The Miller family, a perfectly correct nuclear family unit comprised of one corporate drone, one happy housewife and one pubescent daughter who consults her parents before deciding what kind of student organization she should join, finds their tranquil, mind-numbing life turned upside-down by three escapees who hide out in their home. The resulting spoof of all things ’50s and of conformity of all kinds is almost unbelievably funny.
Orloff and Berkow have the laughs coming so fast and so furiously that you know you miss some of them and, like a certain critic, you’ll wish you could see it again.
Sandee Cunningham is wonderfully funny as the mother, Ethel, and she gives this bland domestic goddess just the right level of polite, subterranean hysteria. Patrick Stinson is likewise funny as Herbert, her husband, and his spineless stiffness is a carefully arranged work of art.
As Cindy, their almost-18 daughter, Jessica Bartz is simply hilarious. From physical bits and gamine cheer to the perfected inflection of a vocal whine, Bartz is absolutely superb and audience members won’t want to miss a single line she delivers.

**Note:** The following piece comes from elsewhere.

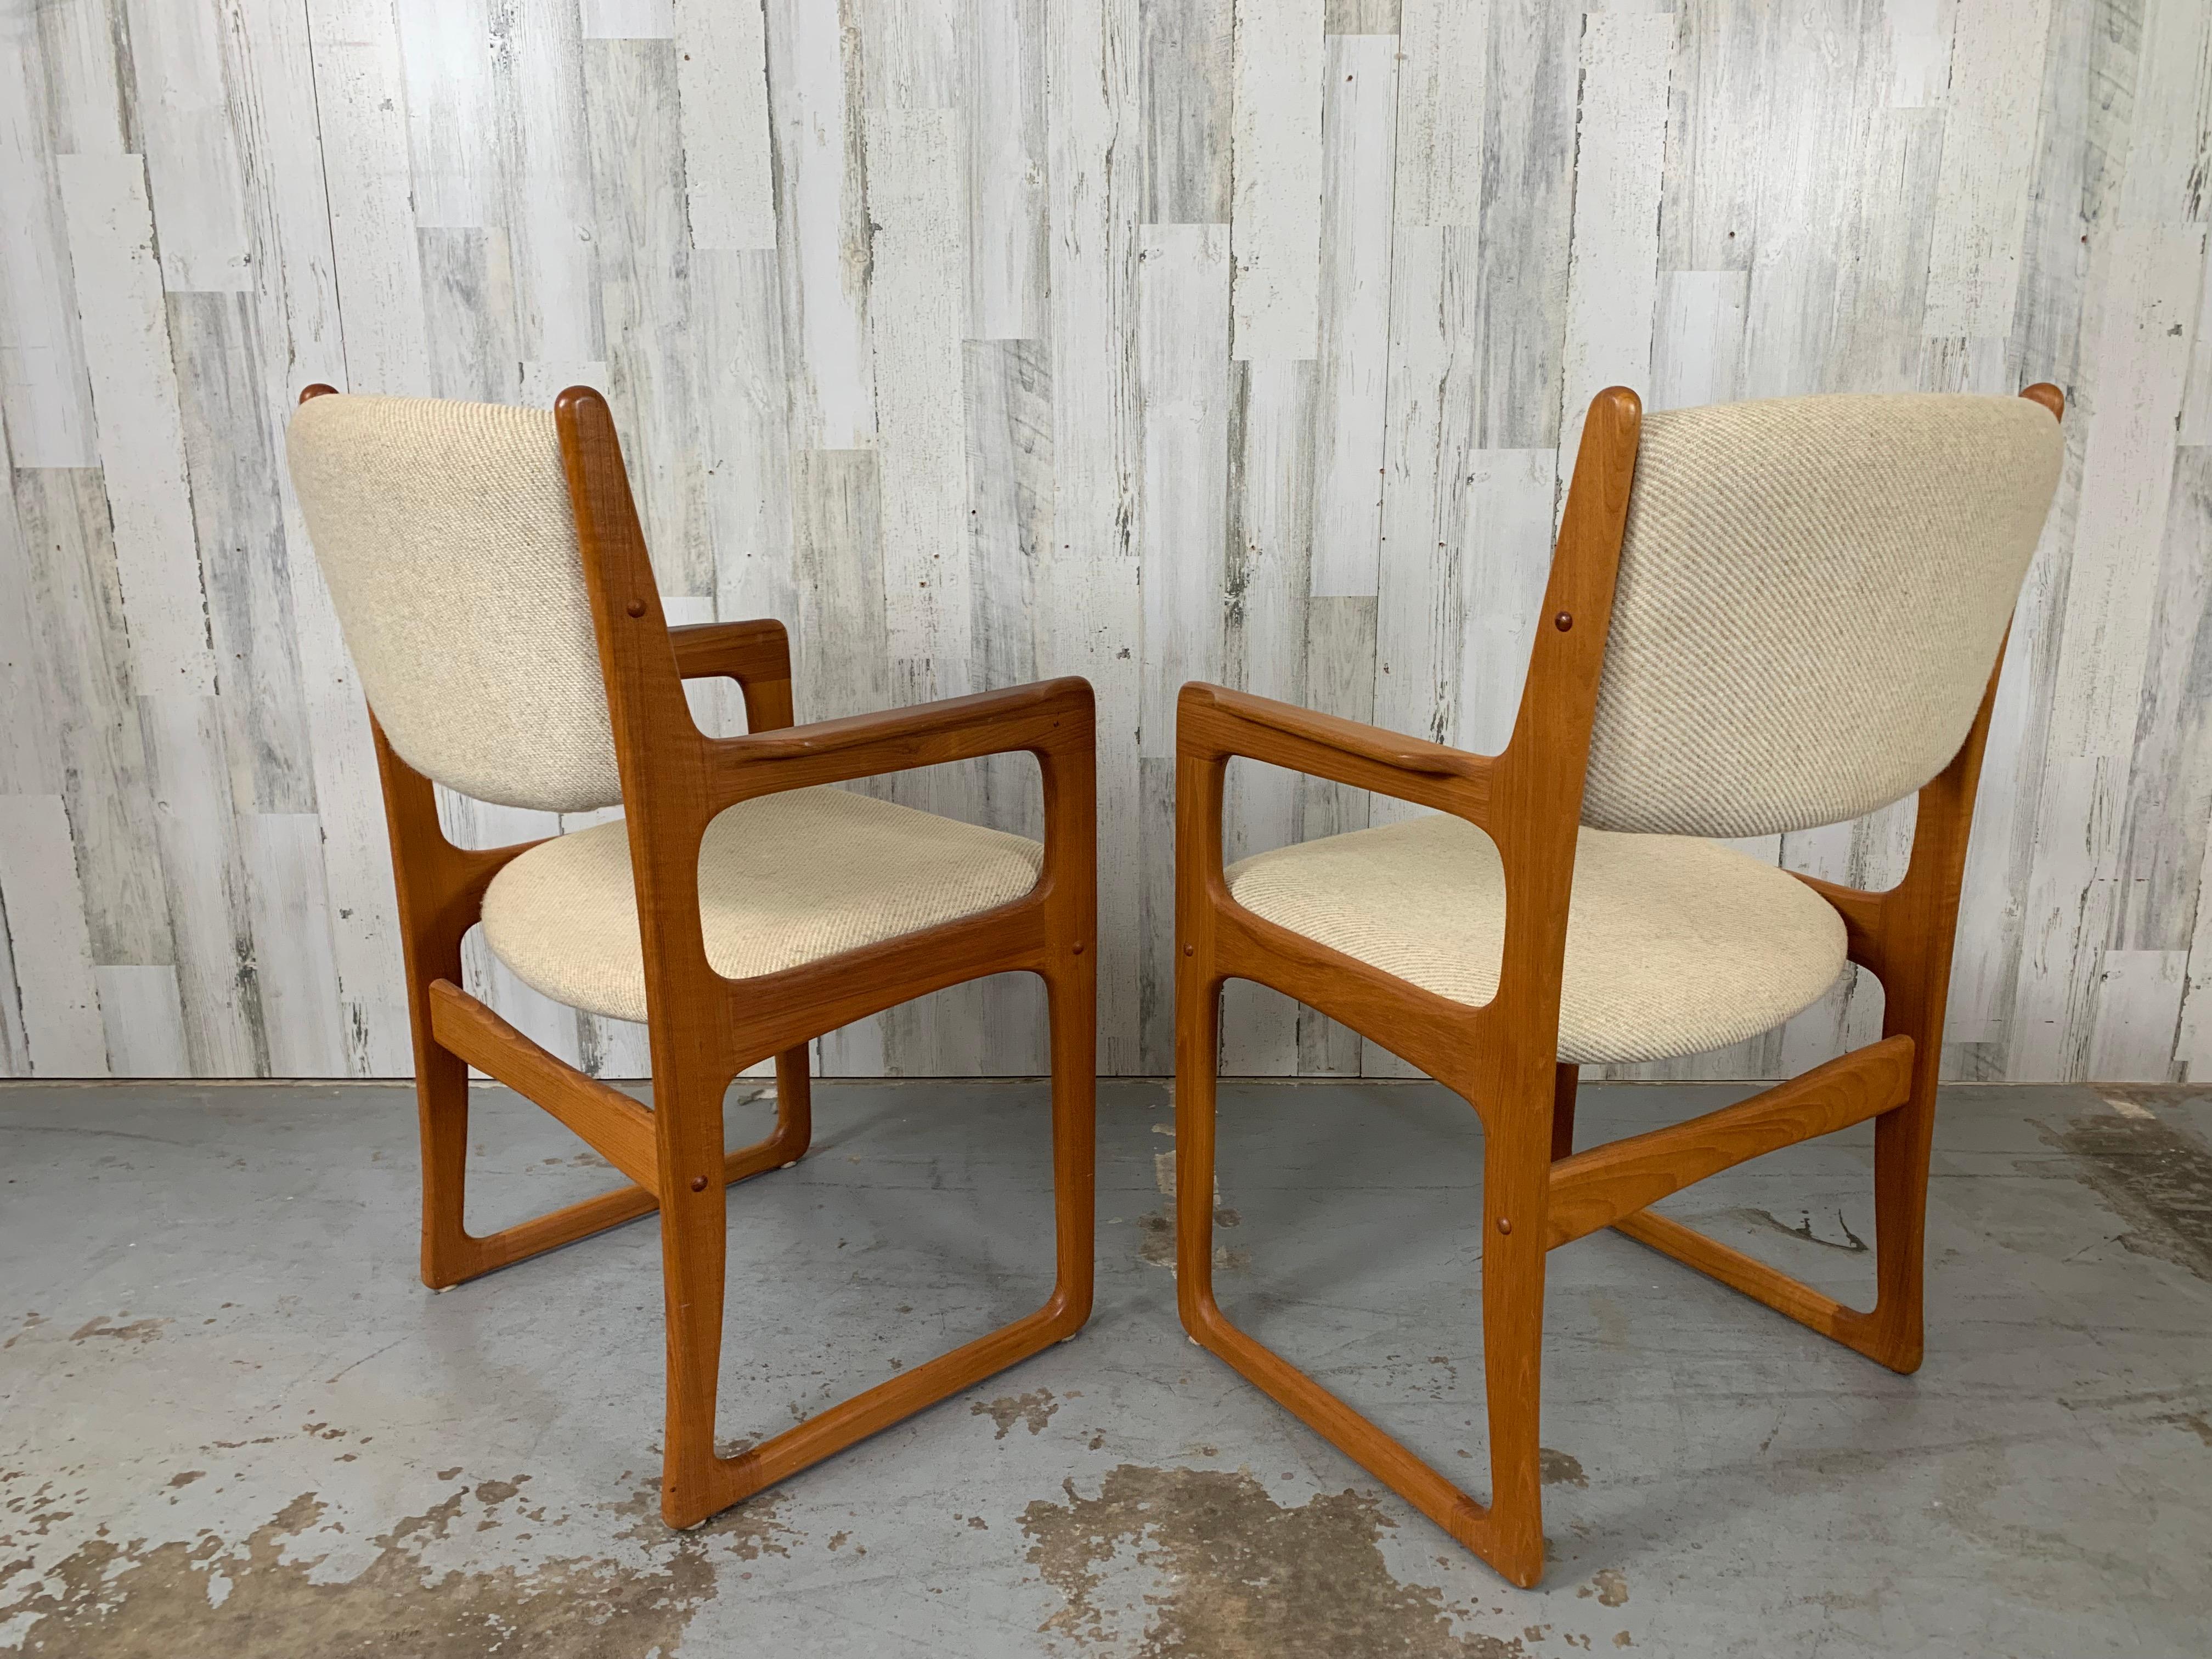 Pair of Danish Modern Style Armchairs In Good Condition For Sale In Denton, TX

Also first-rate are Chris Amos and Craig Merriman, who play a couple of brothers who are two-bit felons. Ryan Nelson, who plays Spot, their slightly-canine sidekick (and gets a dance solo, even though the show isn’t a musical), is laugh-out-loud hilarious. These guys know how to wring every possible laugh out of every single line, and that’s just what they do here.
To tell you the specifics of how these folks get you rolling in the aisles or to reveal the many plot digressions would be to spoil part of the lighthearted, over-the-top fun, so all I will tell you about the six scenes in “Domestic Tranquility” is that you don’t want to miss any of them. (That’s especially true anytime a character sits down at the dinner table or gets lost in reverie.)
A functional, sometimes even delightful, set earns laughs of its own, as do some costume and makeup ensembles that you just have to see for yourself, but the lines and the actors are the big winners here as are audiences who love to laugh, because that’s what you will get to do if you see it.
“Domestic Tranquility” is sheer and totally hilarious comic genius.